Опять от него несло свежим и хорошо несло. Я его понимаю, но не понимаю, почему он боится китайцев: мы ведь на Ладоге и от китайцев до нас еще сто таких же частей ПВО?

Он был командиром взвода связи и еще у него было одно отделение химиков: не знаю, почему химики попали в связь и почему, если ему что-то надо, он не привлекал свой взвод к выполнению боевой задачи, а именно мой взвод всегда задействовал?
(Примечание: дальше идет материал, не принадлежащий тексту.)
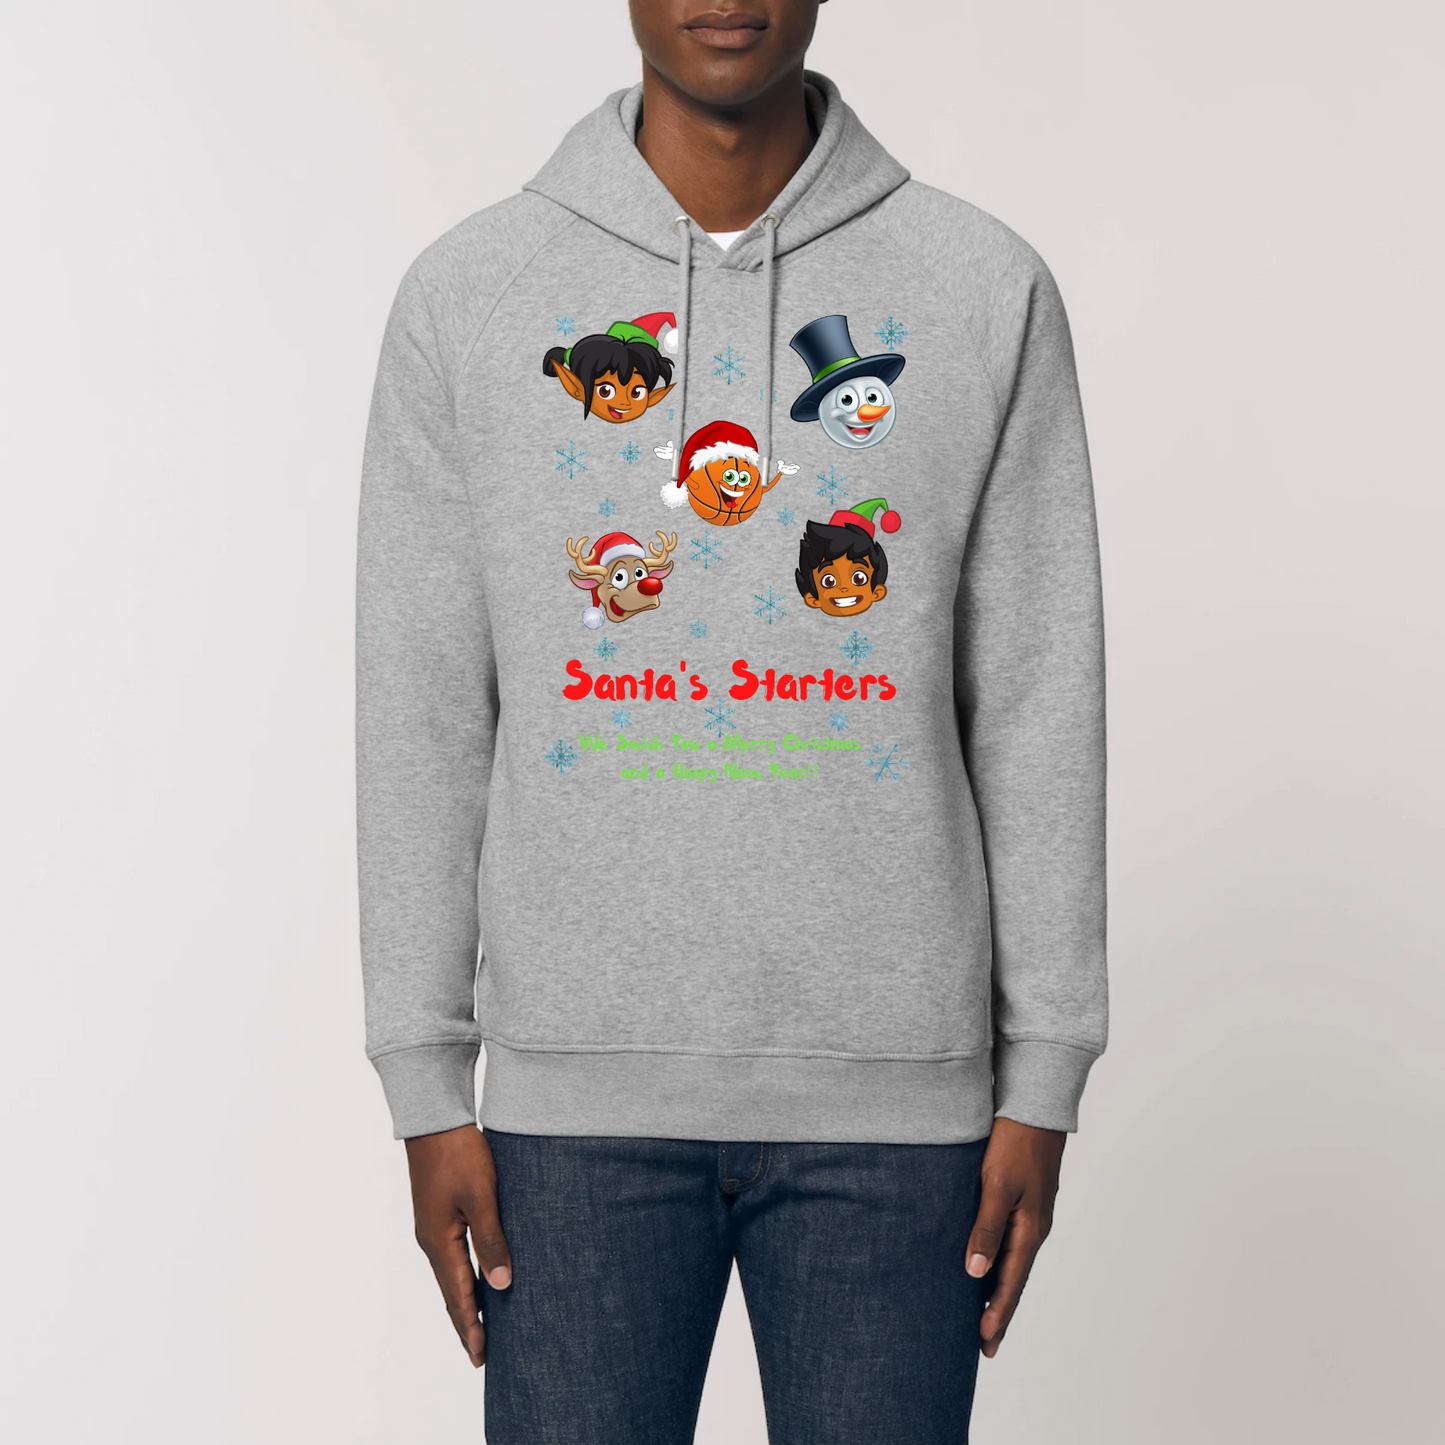 Model wearing a basketball themed Christmas hoodie with 5 cartoon like character heads of 2 elves, 1 snowman, 1 Rudolf and 1 basketball and the heading Santa's Starters and sub heading We Swish you a merry Christmas and a hoopy New Year. The hoodies colour is Grey
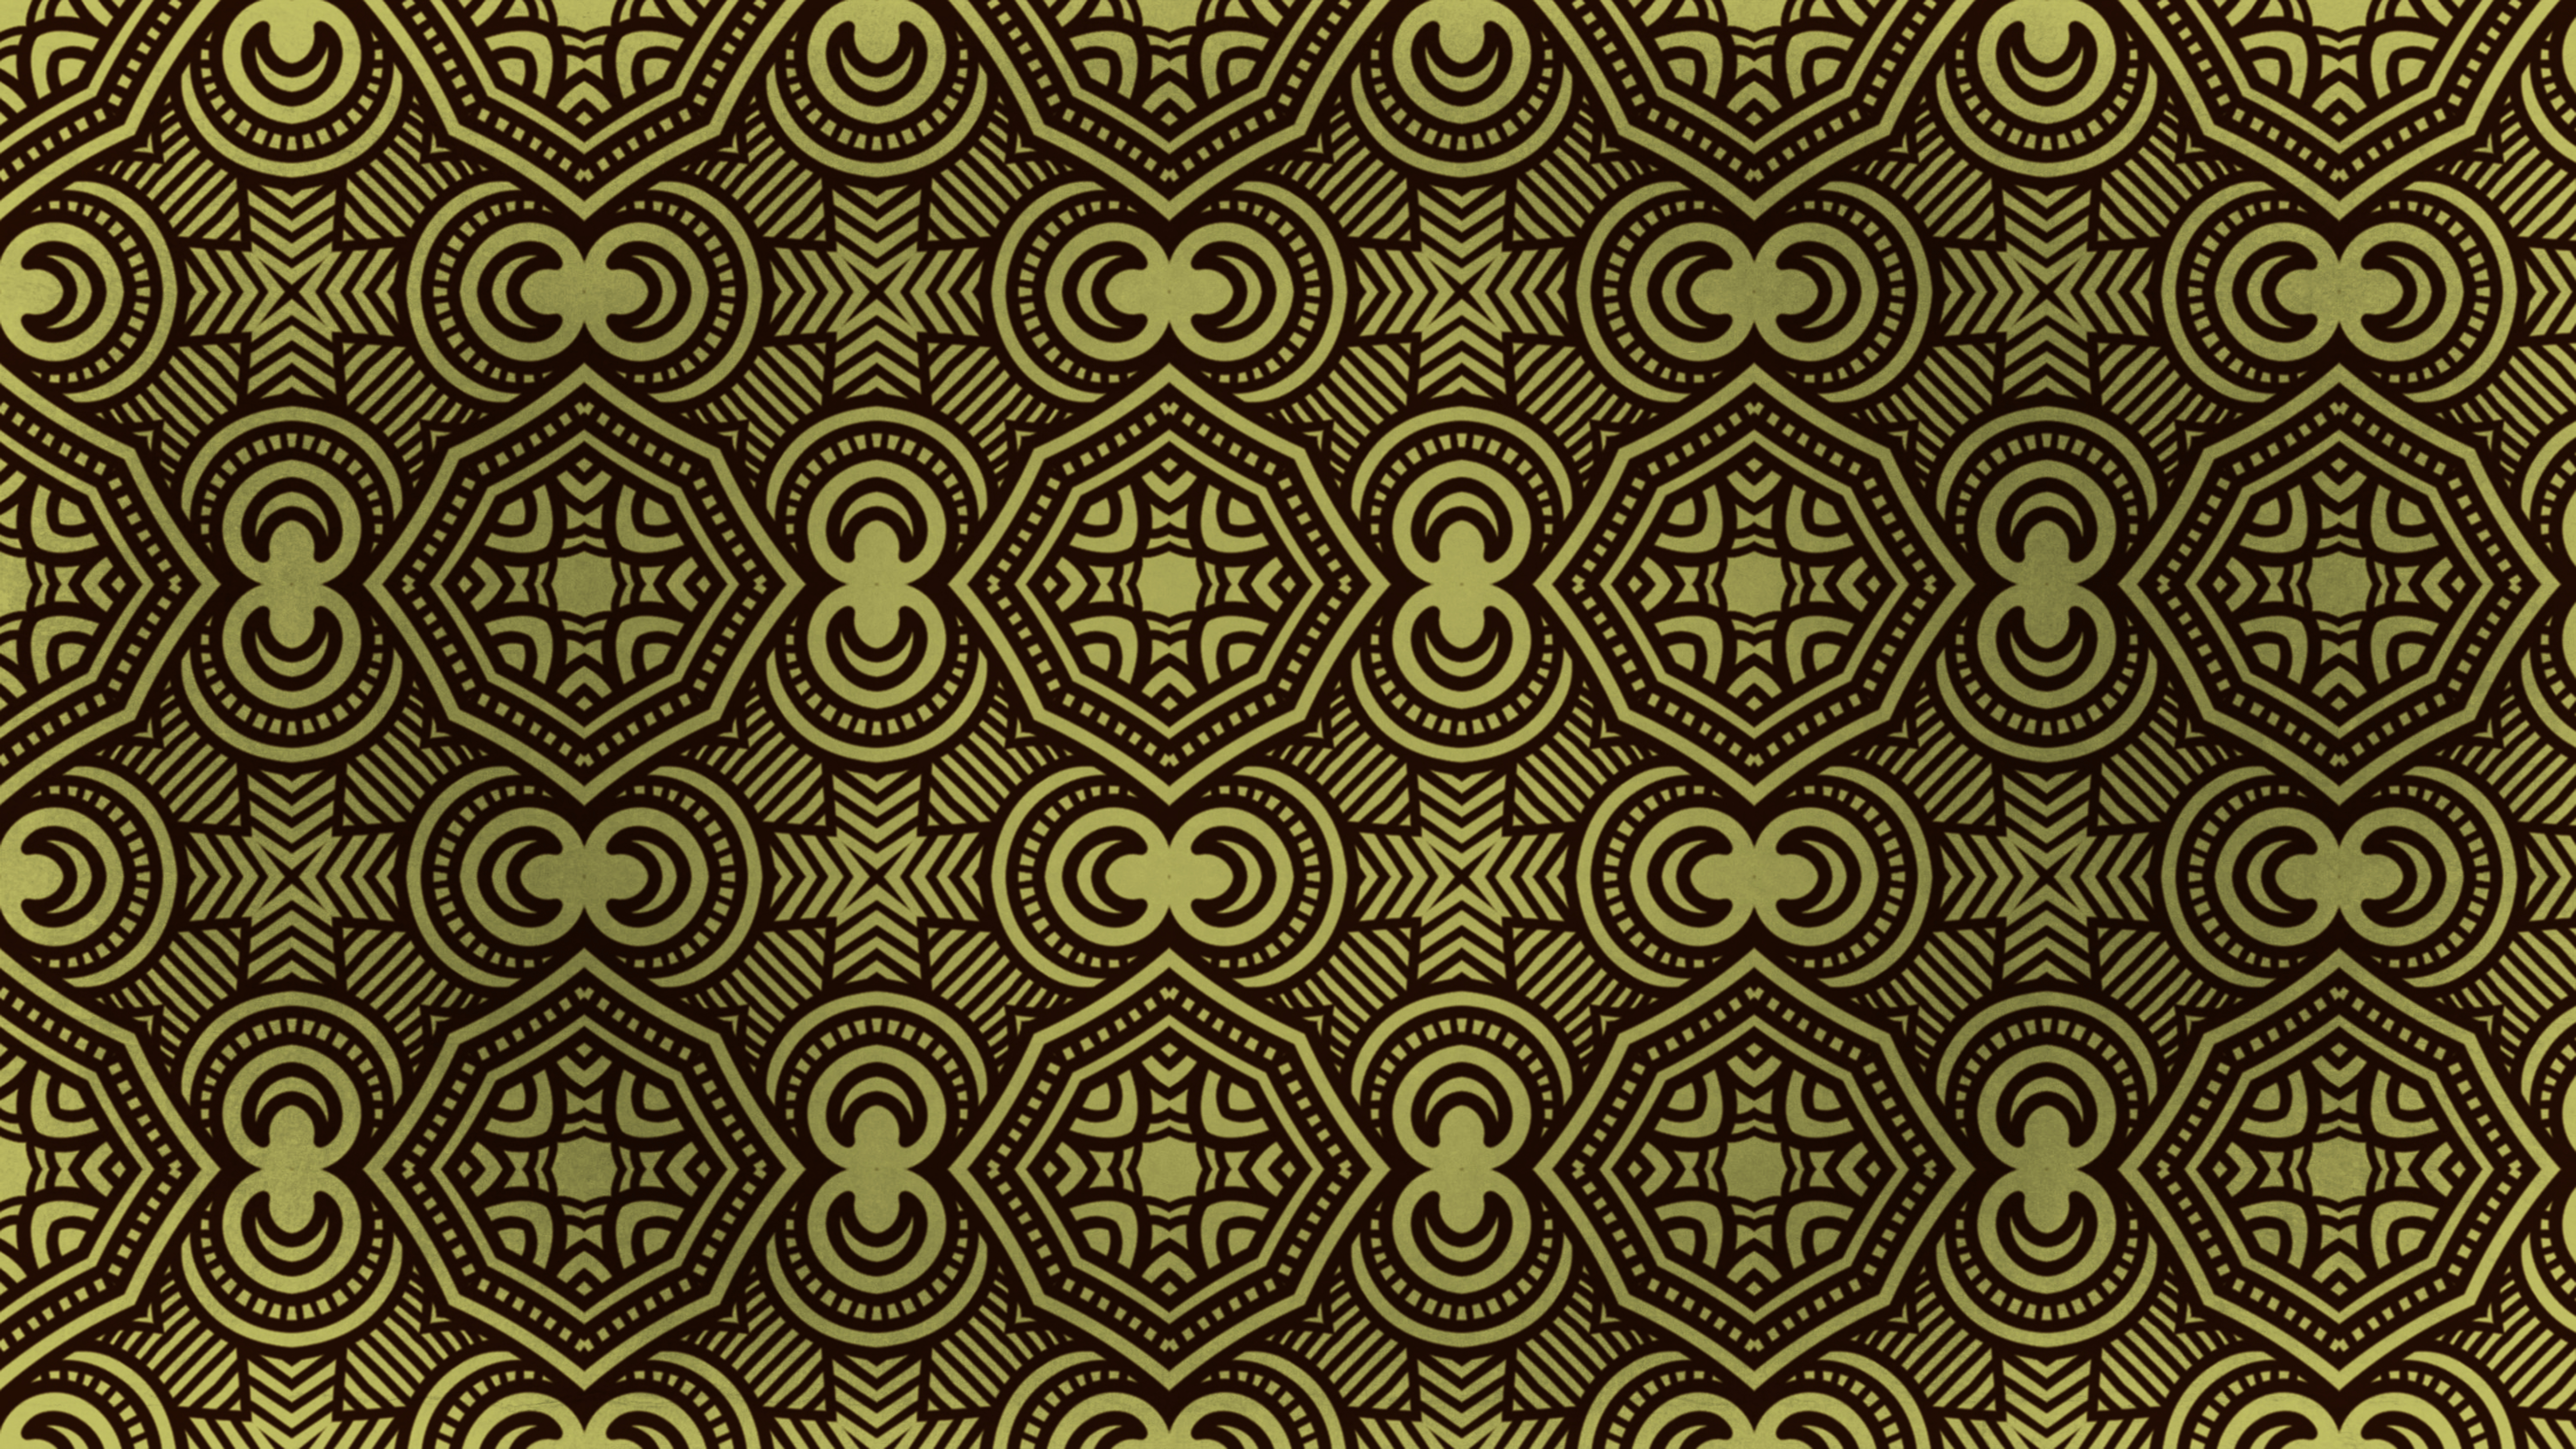 Free Brown and Gold Vintage Ornamental Seamless Pattern Background Design

Старлей придвинулся ко мне и тихо сказал:
- Родина в опасности, сержант!

То, что он шутник и баламут, я знаю, а то, что он меня уважает, тоже знаю.
- Хунвейбины? Или китайцы? - прошептал я ему в ответ, приблизившись к его уху.
- Хуже! Я потерял ключи от всех шкафов и сейфов... У тебя есть люди умные? Я имею ввиду, с нарядами...
- Полно! Они у меня все умные. Да и если уж Родина в печали, то и весь состав!
- Я всегда верил в русского солдата!
Он повернулся к строю, встал посередине и заявил:

- Сыны! Родина в опасности. Если сейчас на нас нападут эти самые китайцы, то можно еще терпеть - у меня однокашник на Урале, он их к нам не пропустит: решительный парень и если разозлится, на все инструкции плюёт. Вы помните, этот американец, Пауэрс Гарик, летел на Москву, так это он его сподобил, самой первой ракетой - я верю в него!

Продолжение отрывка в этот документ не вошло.